D’altro canto, la società è favorevole a un intervento pubblico attivo per promuovere modelli di consumo più sani e sostenibili. La questione rimane quindi: fino a che punto dobbiamo spingerci nel guidare le scelte dei consumatori? Abbiamo il coraggio di limitare le nostre scelte per proteggere quelle dei nostri figli?
Questi sono cinque questioni importanti, ma ce ne sono altre, tutte interconnesse, con ogni decisione che si ripercuote sulla successiva. Le scelte fatte ora daranno forma al paesaggio europeo per le generazioni a venire. Ma non fare scelte avrà un impatto ancora maggiore. Dobbiamo discuterne.

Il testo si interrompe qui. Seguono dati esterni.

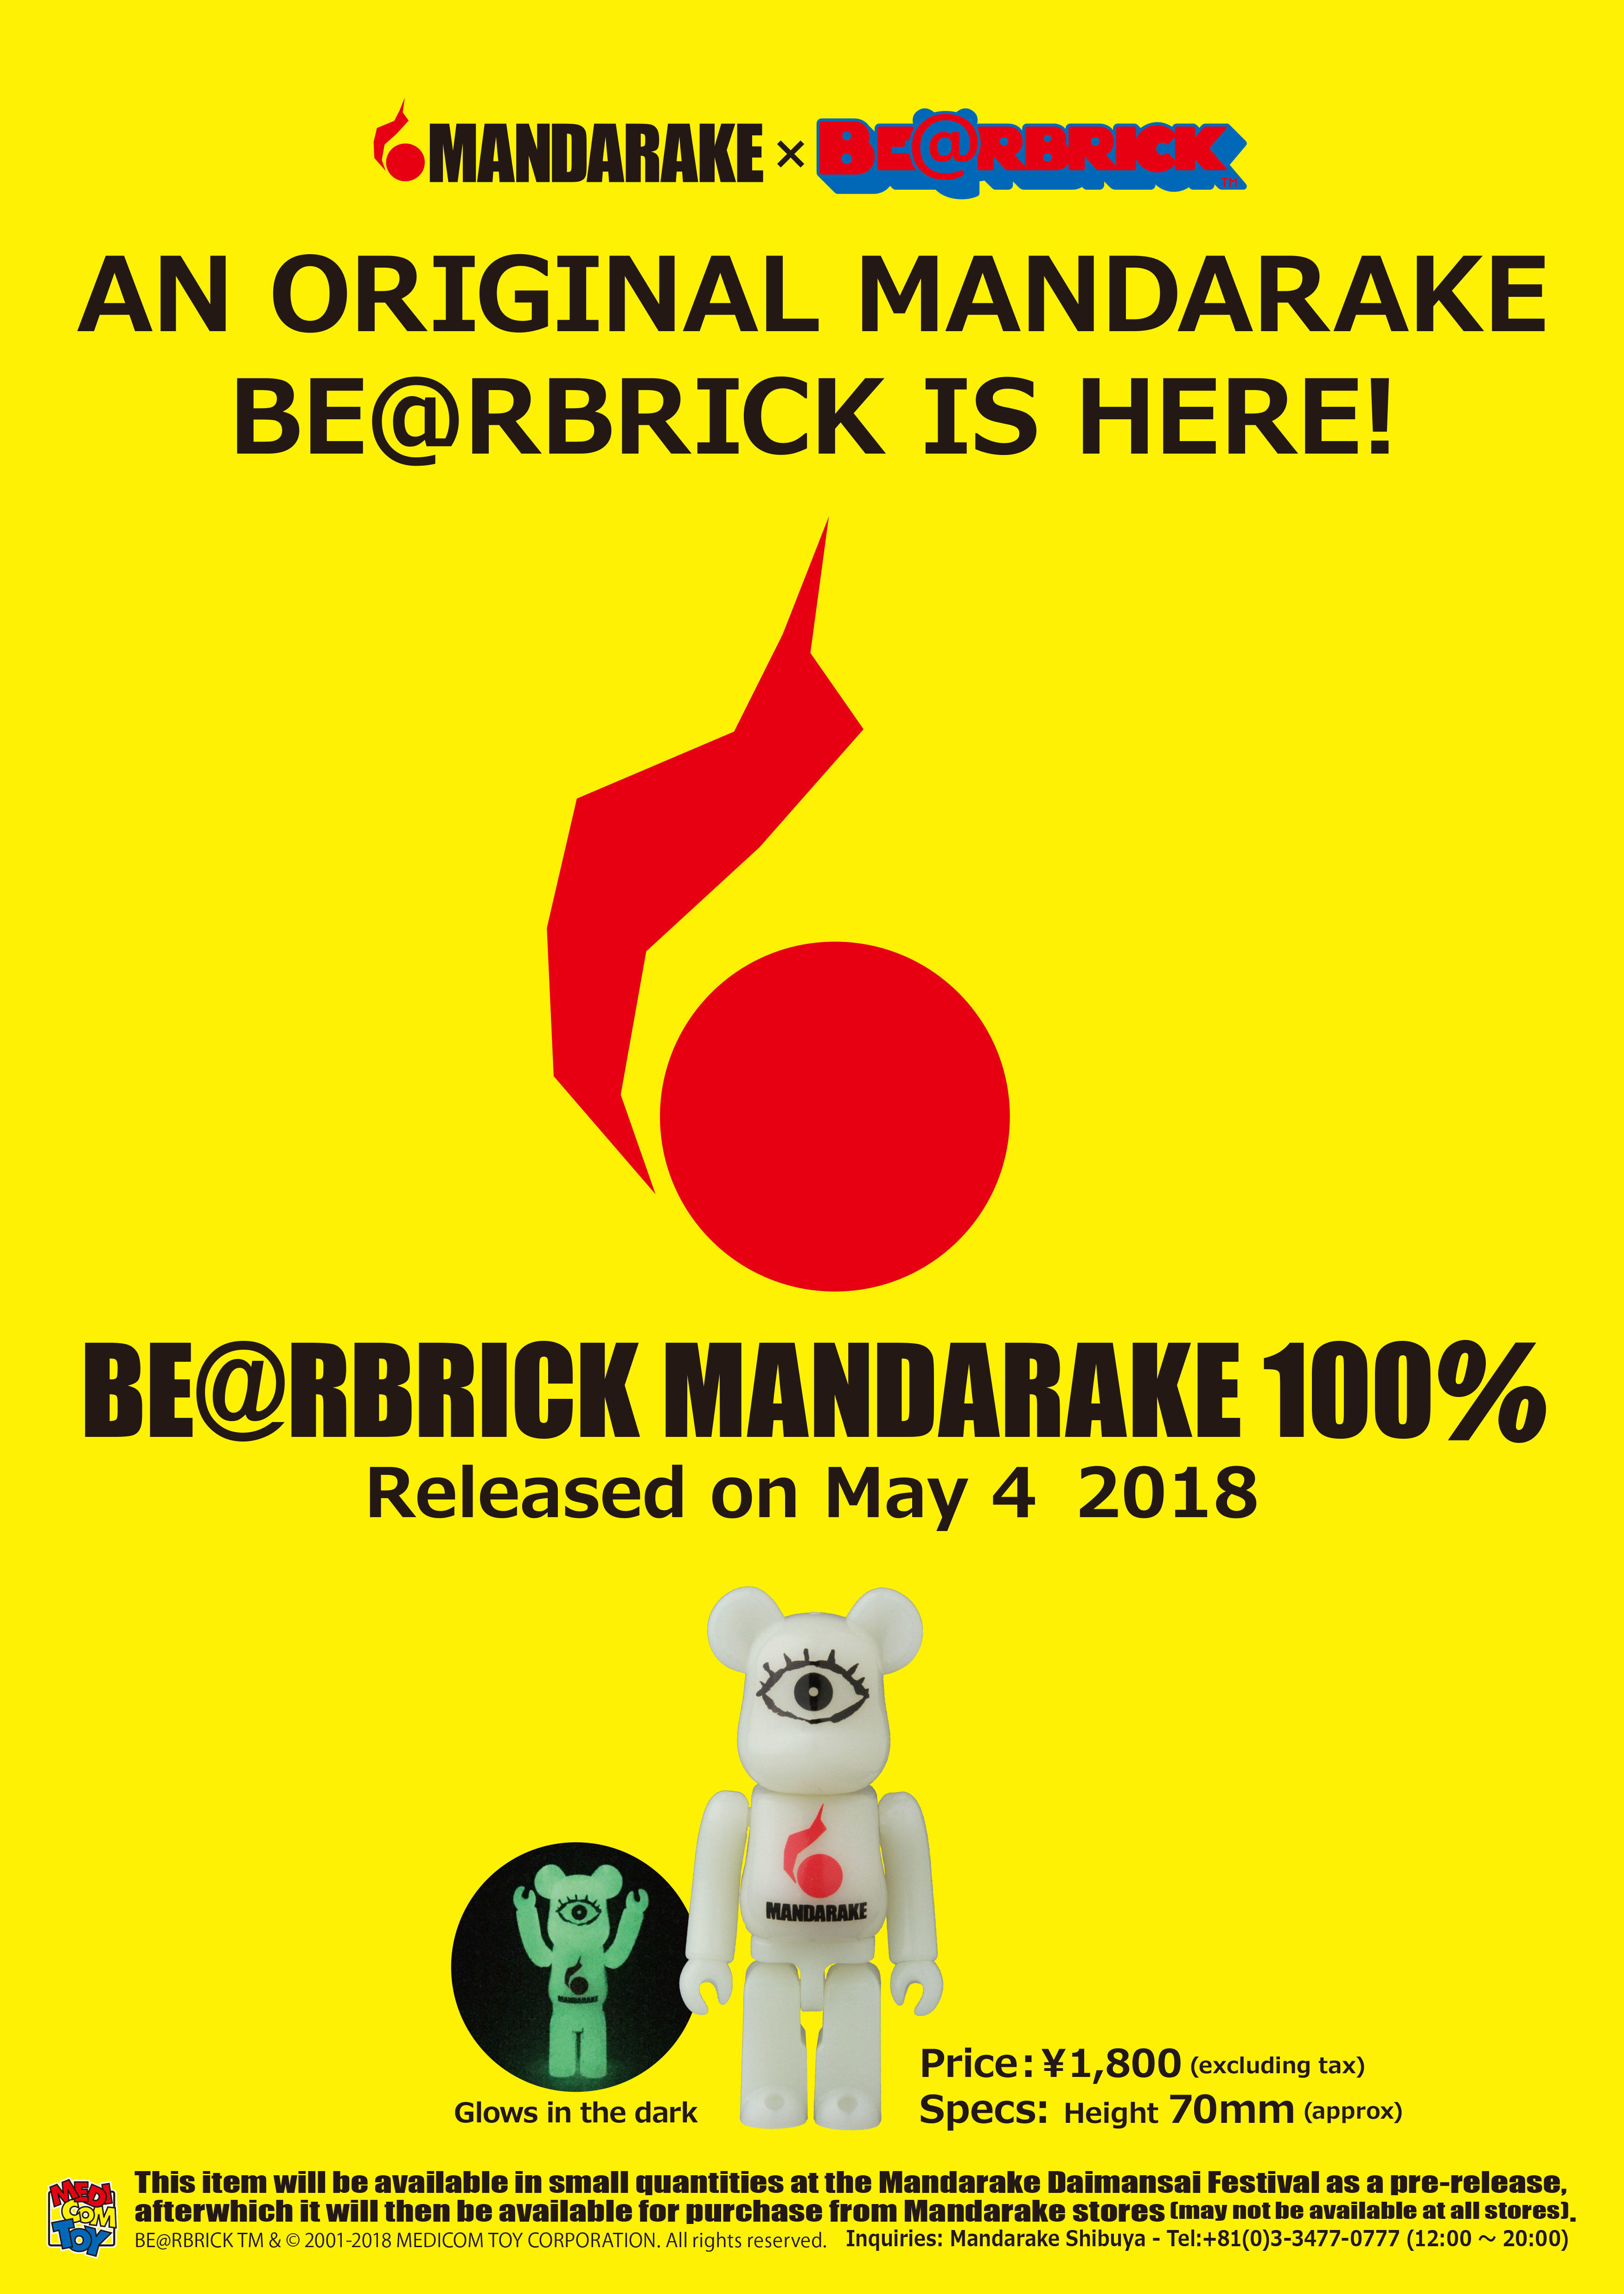 An original Mandarake Be@rbrick is here! Released on May 4 2018. Price: 1,800 yen (plus tax). 70mm in height, glows in the dark. This item will be available in small quantities at the Mandarake Daimansai Festival as a pre-release, after which it will then be available for purchase from Mandarake stores (may not be available at all stores). BE@RBRICK TM & C 2001-2018 MEDICOM TOY CORPORATION. All rights reserved. Inquiried - Mandarake Shibuya.
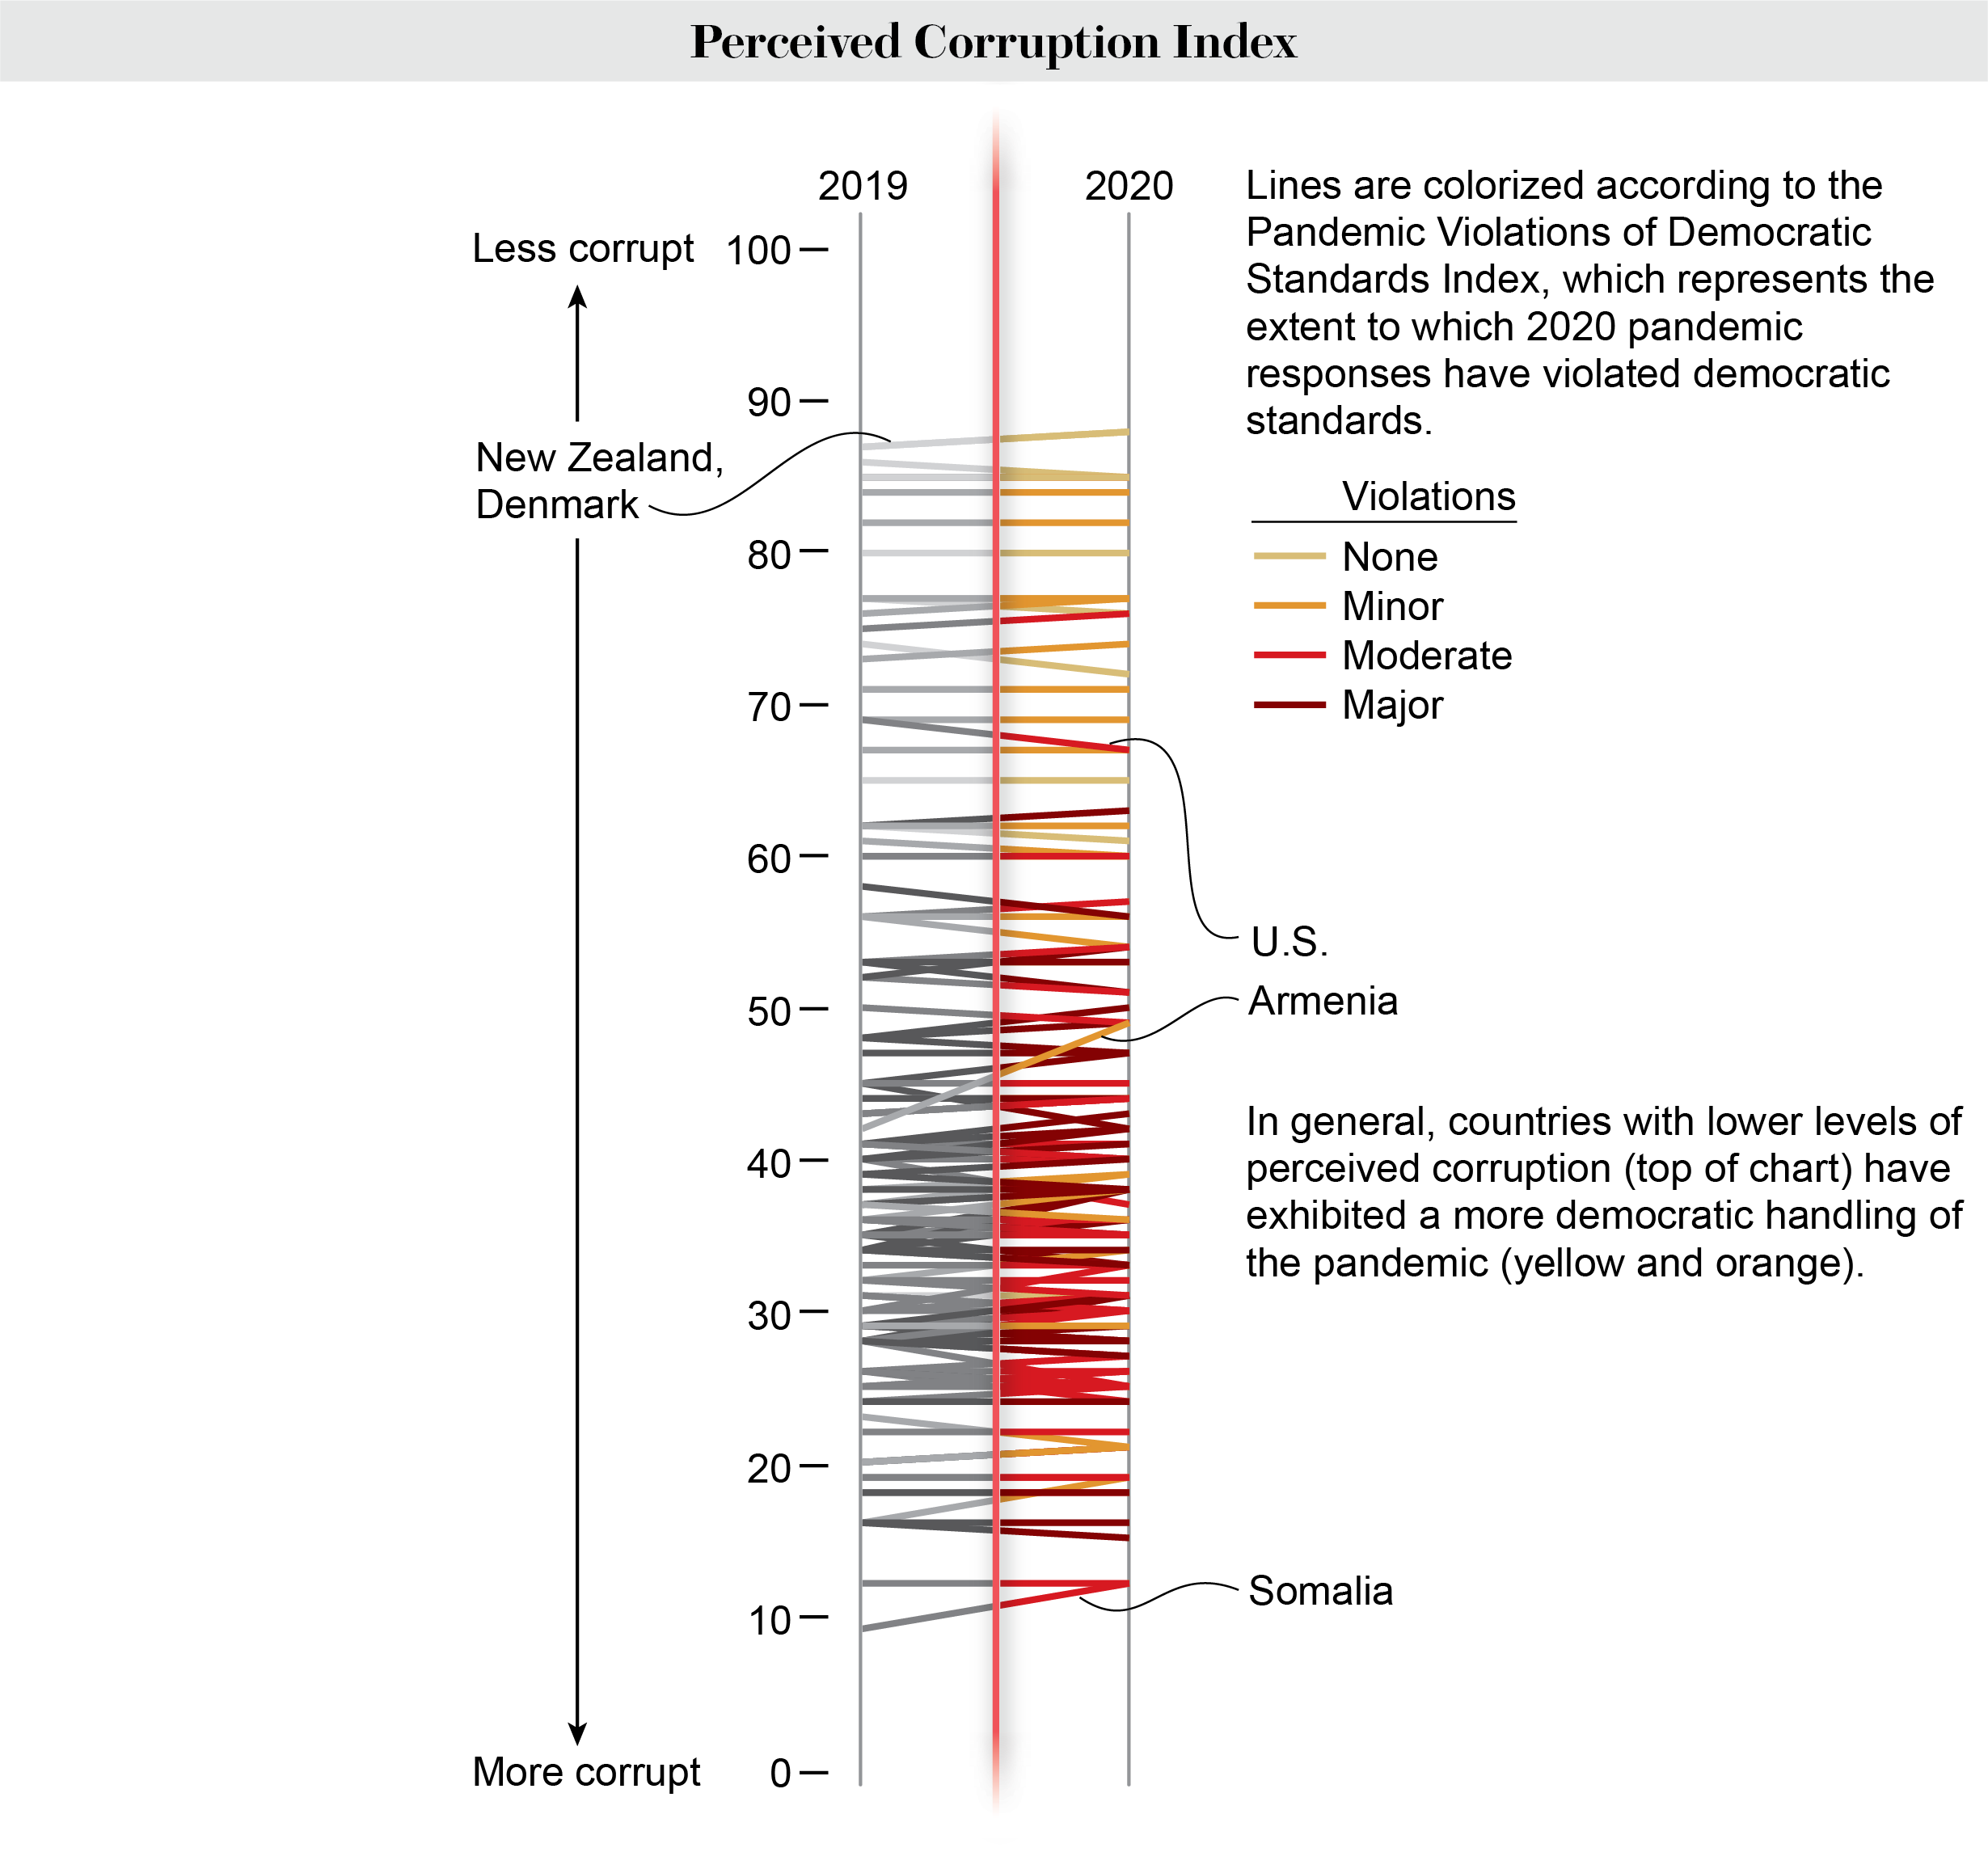 Corruption Perception Index and Pandemic Violation of Democratic Standards Index values for 139 countries.

Ho imparato che un dialogo onesto con persone che possono avere opinioni diverse è spesso più illuminante delle discussioni con persone che la pensano allo stesso modo. Lo abbiamo visto al tavolo del dialogo strategico.
Pertanto, incoraggiamo l’UE ad avviare dialoghi incentrati su una visione futura dell’uso del suolo e a parlare di questi dilemmi. L’Università e l’Istituto di Ricerca di Wageningen e i nostri partner sono pronti a sostenere la Commissione europea e gli Stati membri nella gestione di questa complessità. Insieme, possiamo creare un futuro in cui la terra europea sia utilizzata in modo responsabile, sostenga la biodiversità, nutra la popolazione e sia all’avanguardia nella sostenibilità globale.